Figure 6. Healthcare spending under alternative other cost pressure assumptions
The inclusion of other cost pressures in the long-term health spending projection also accounted for the majority of the increase in public sector net debt by 2066-67. Excluding the effect of these cost pressures, public debt would have reached 133% of GDP by 2066-67, some 101% of GDP below the central projection that included the extra pressures on health spending (Figure 7).

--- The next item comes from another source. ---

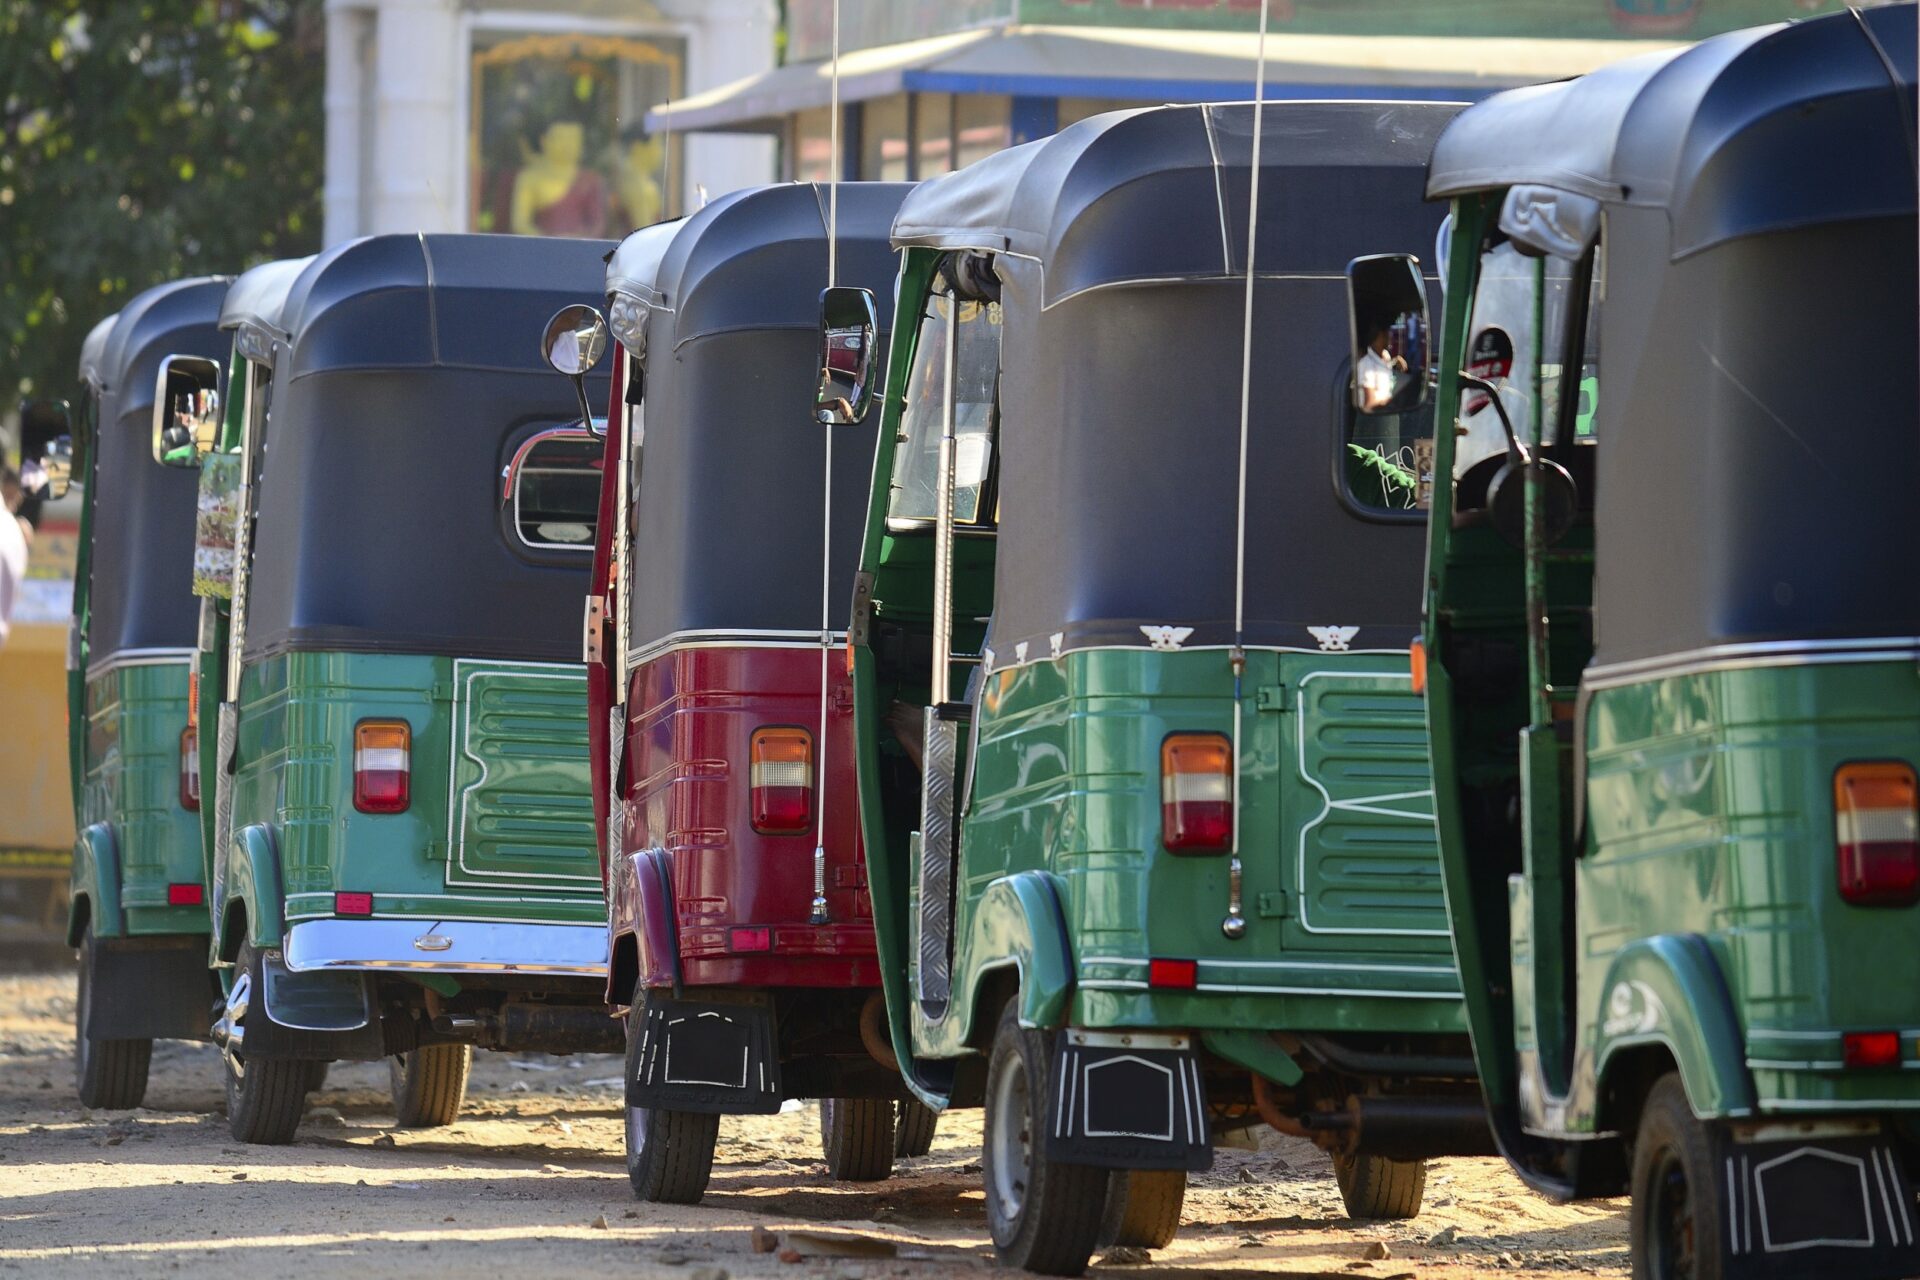 Home Istock Sri Lanka algemeen kandy colombo negombo onderweg tuktuks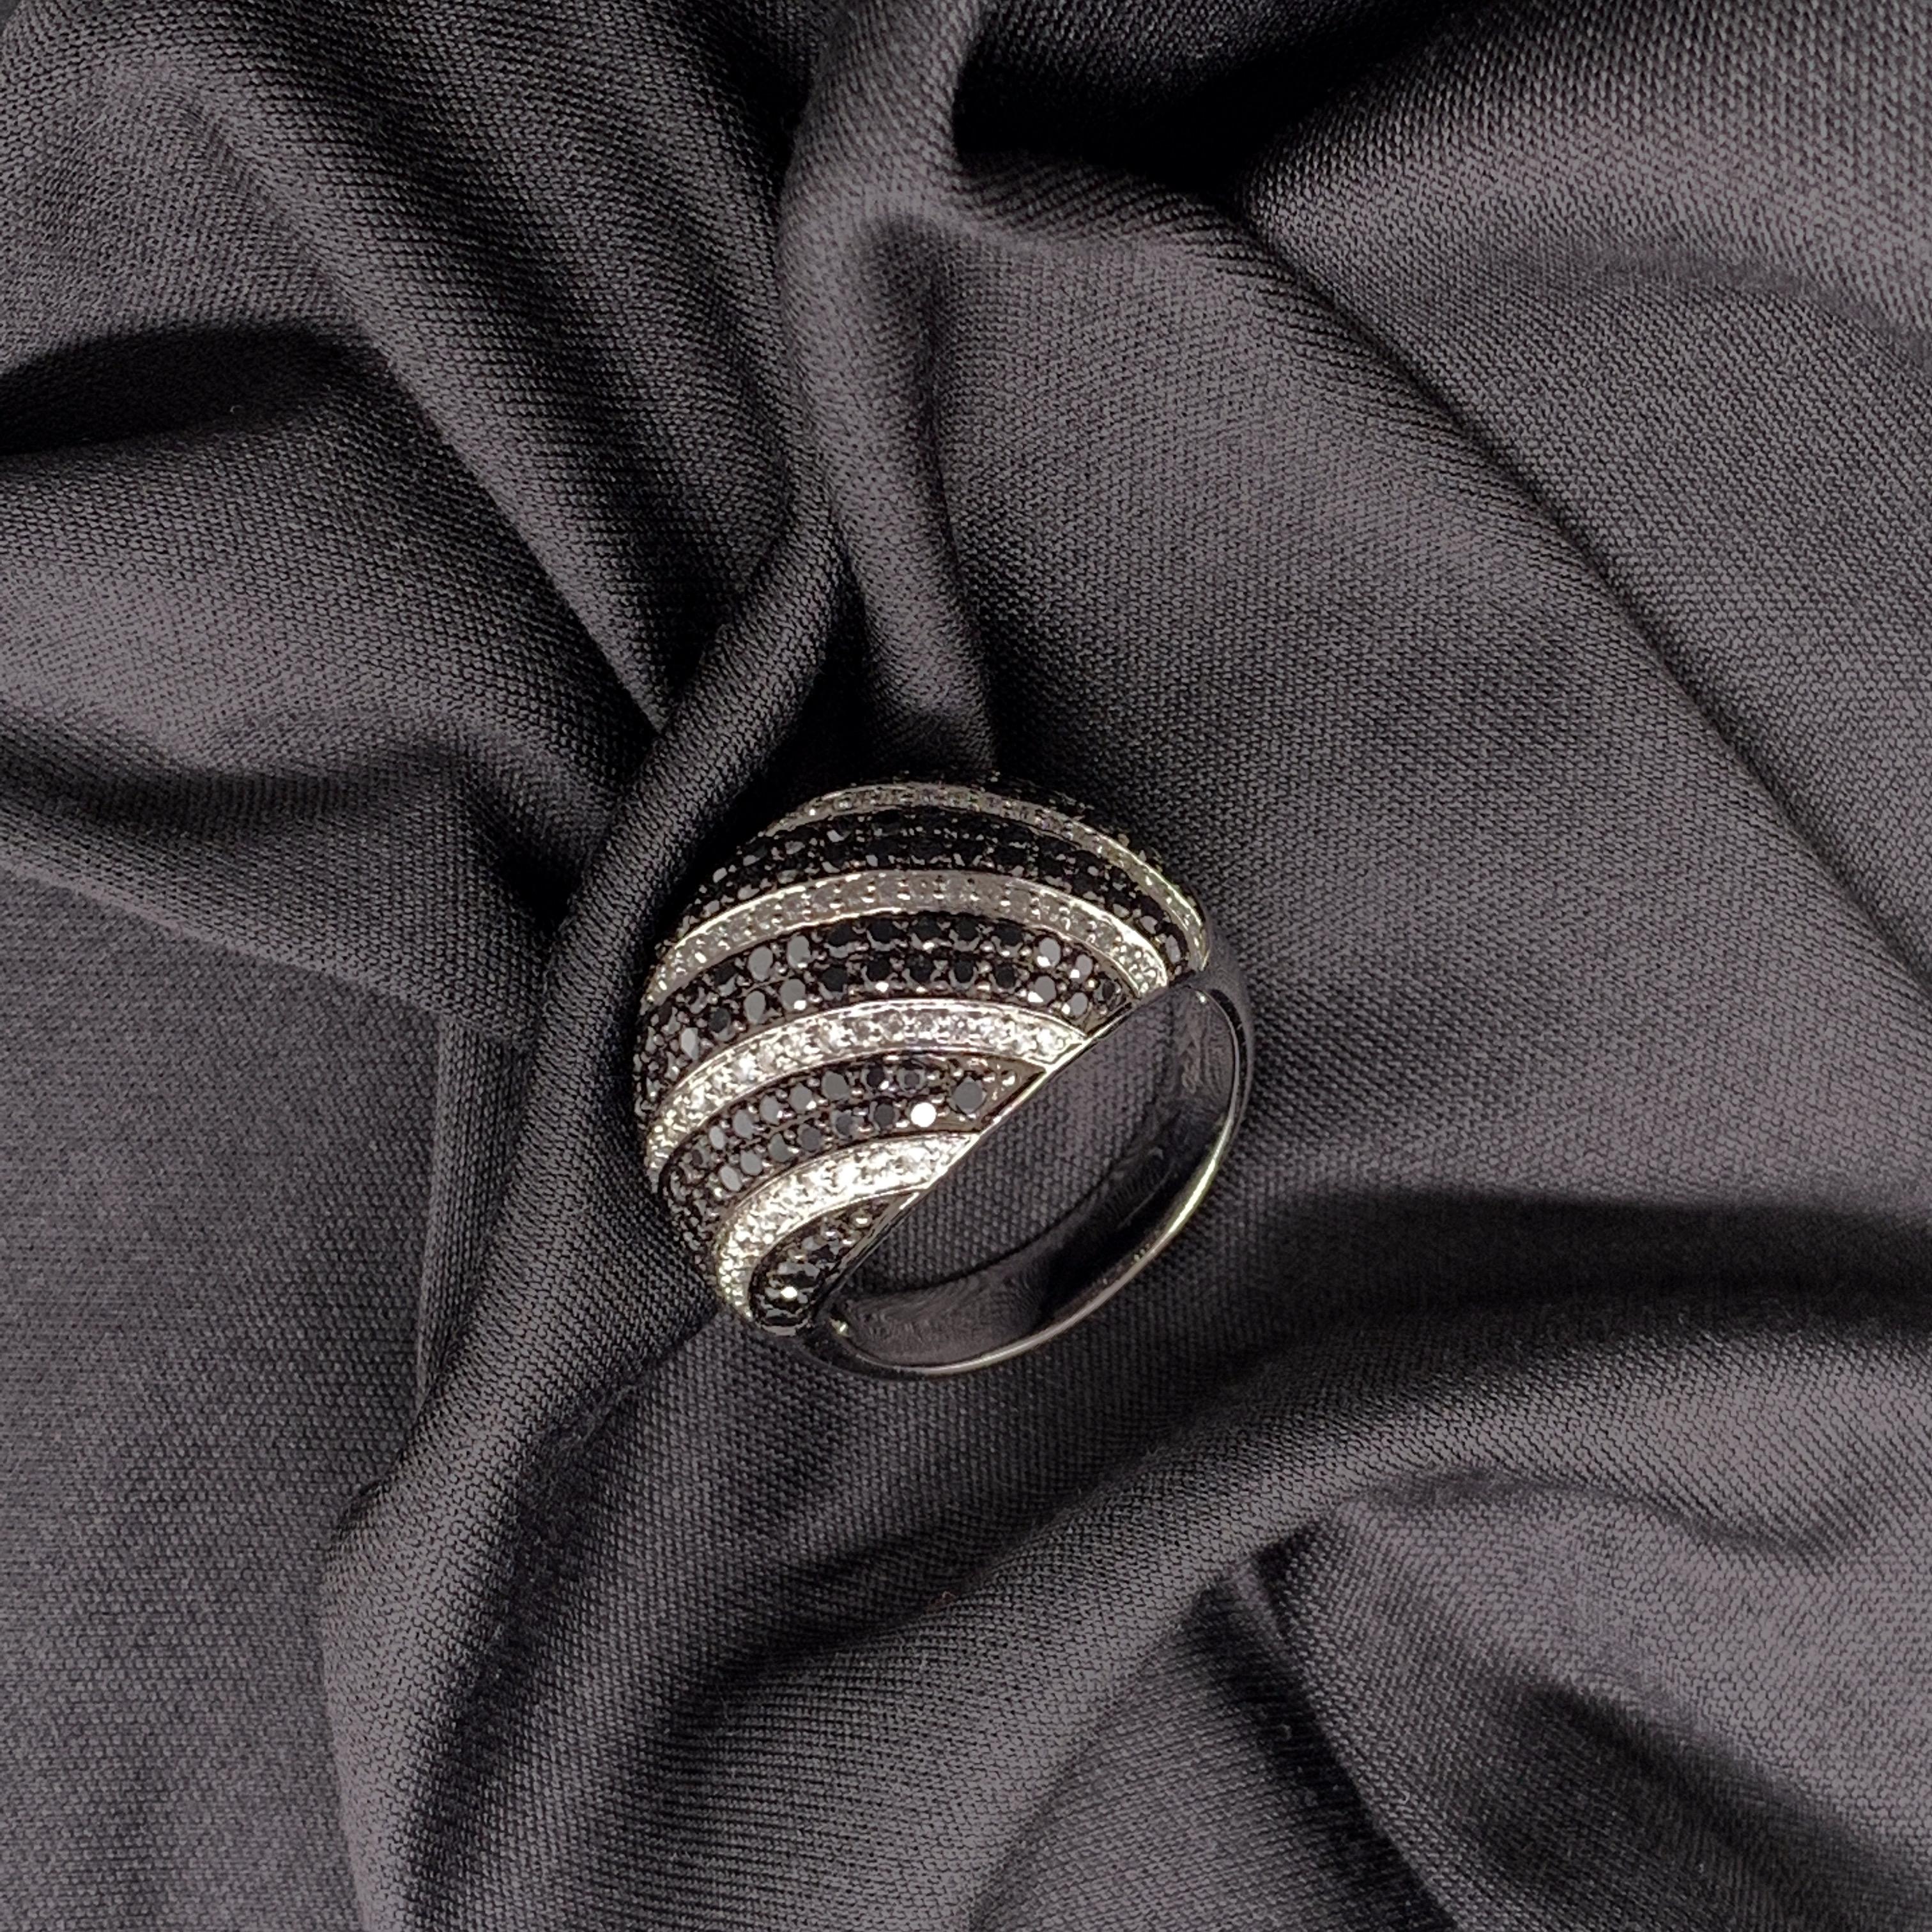 Contemporary 1.36 Carat Black Diamond Cocktail Ring

Figure 7. Sensitivity of net debt projections to health-specific assumptions
Similar to health spending, the debt projections are very sensitive to assumptions about the pace at which non-demographic cost pressures push health spending up. But under the current policy setting, all scenarios point to significant upward pressure from non-demographic drivers of spending. That would require larger fiscal adjustments to bring public debt more in line with pre-crisis levels.
Appleby, J, A Galea and R Murray (2014) The NHS productivity challenge, The King’s Fund, May.
Baumol, W and W Bowen (1966) Performing arts: The economic dilemma, New York: The Twentieth Century Fund.
Congressional Budget Office (2008) “Technological change and the growth of health care spending”, January.
De la Maisonneuve, C and J Oliveira Martins (2013) “A projection method for public health and long-term care expenditures”, OECD, Economics Department Working Papers No 1048, June.
European Commission (2015) “The 2015 Ageing Report: Economic and budgetary projections for the 28 EU Member States (2013-2060)”, European Economy, 3, May.
Licchetta, M and M Stelmach (2016) “Fiscal sustainability and public spending on health”, Office for Budget Responsibility Working Paper No 9, September.
NHS England (2016) NHS five year forward view: Recap briefing for the Health Select Committee, May.
Office for Budget Responsibility (2017) Fiscal sustainability report, January.